### SOURCE MATERIAL
..........

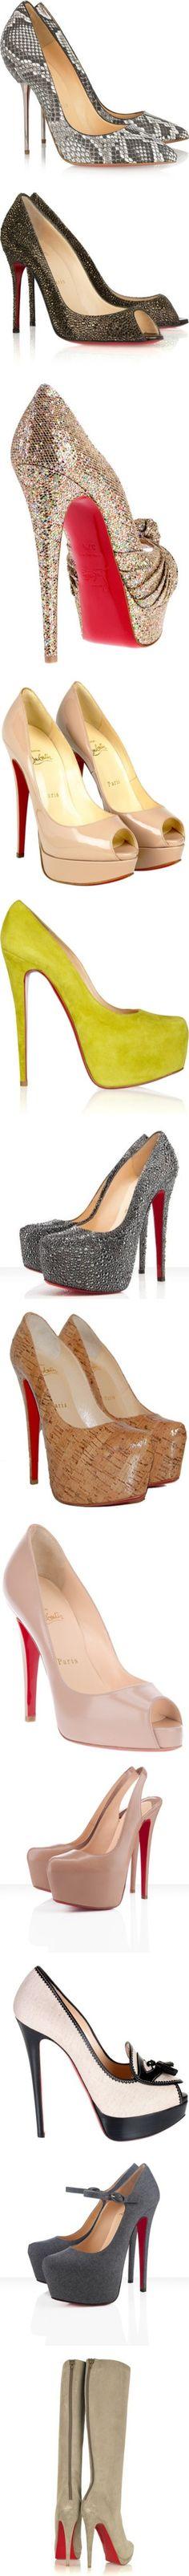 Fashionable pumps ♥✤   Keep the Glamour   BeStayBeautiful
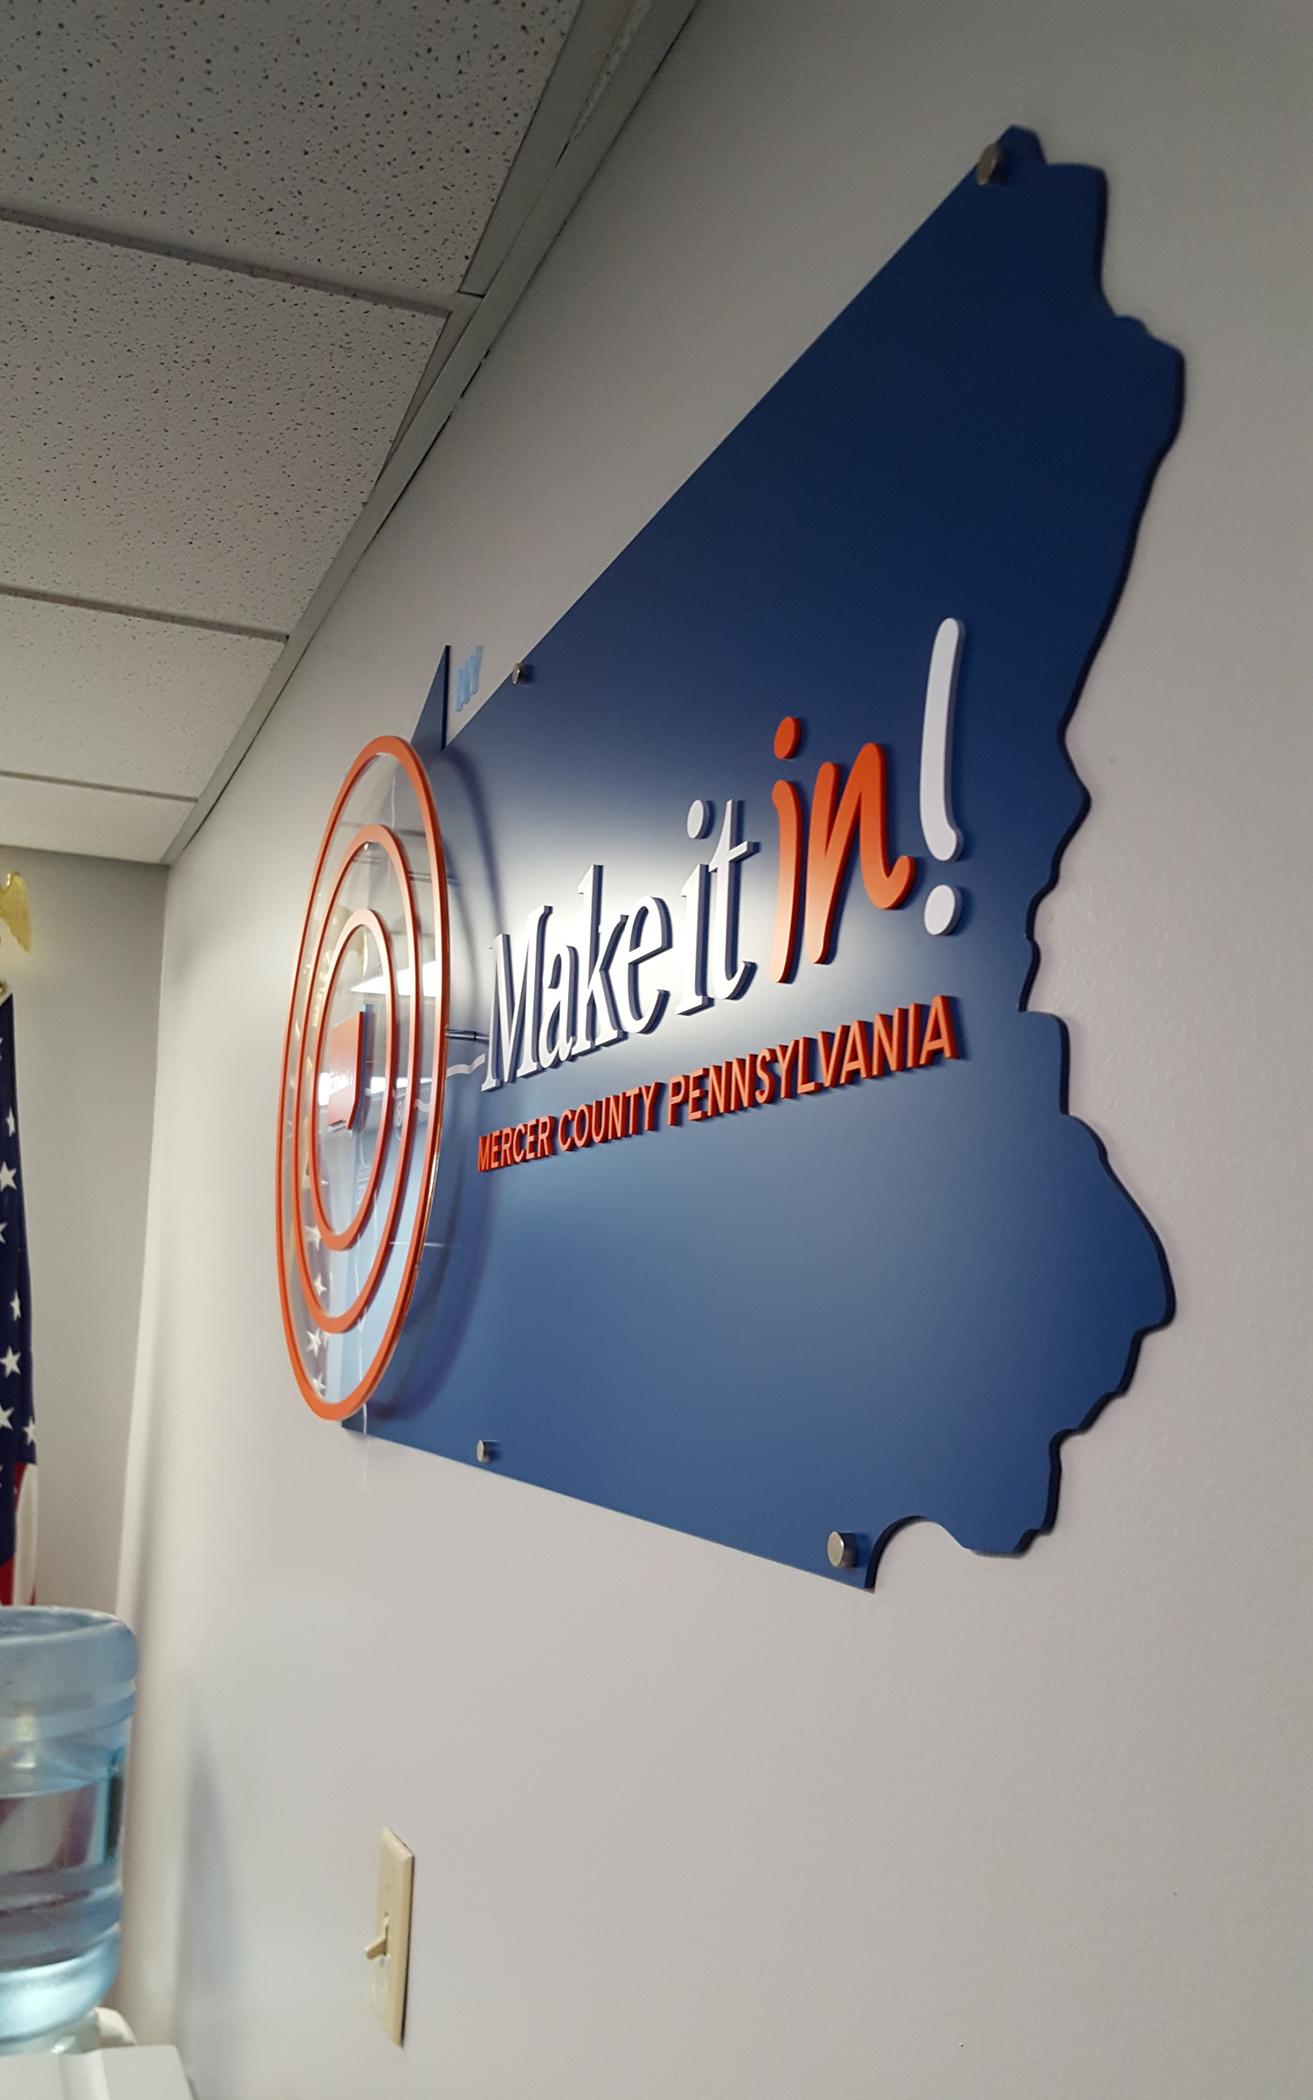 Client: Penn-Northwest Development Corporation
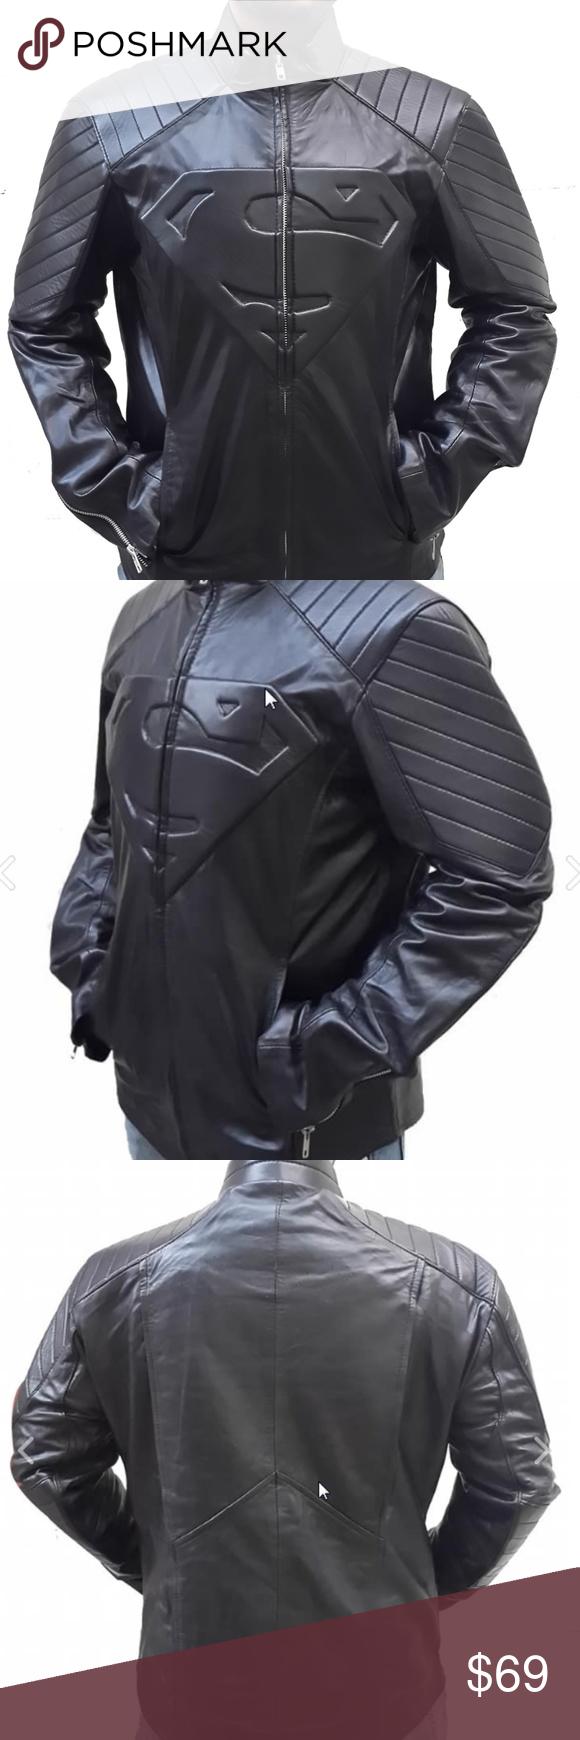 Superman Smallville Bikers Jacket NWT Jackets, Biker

..........

### ASSIGNED TASK
Please reproduce the data above word for word, skipping all images.

### EXPECTED ANSWER
 Fashionable pumps ♥✤   Keep the Glamour   BeStayBeautiful
 Client: Penn-Northwest Development Corporation
 Superman Smallville Bikers Jacket NWT Jackets, Biker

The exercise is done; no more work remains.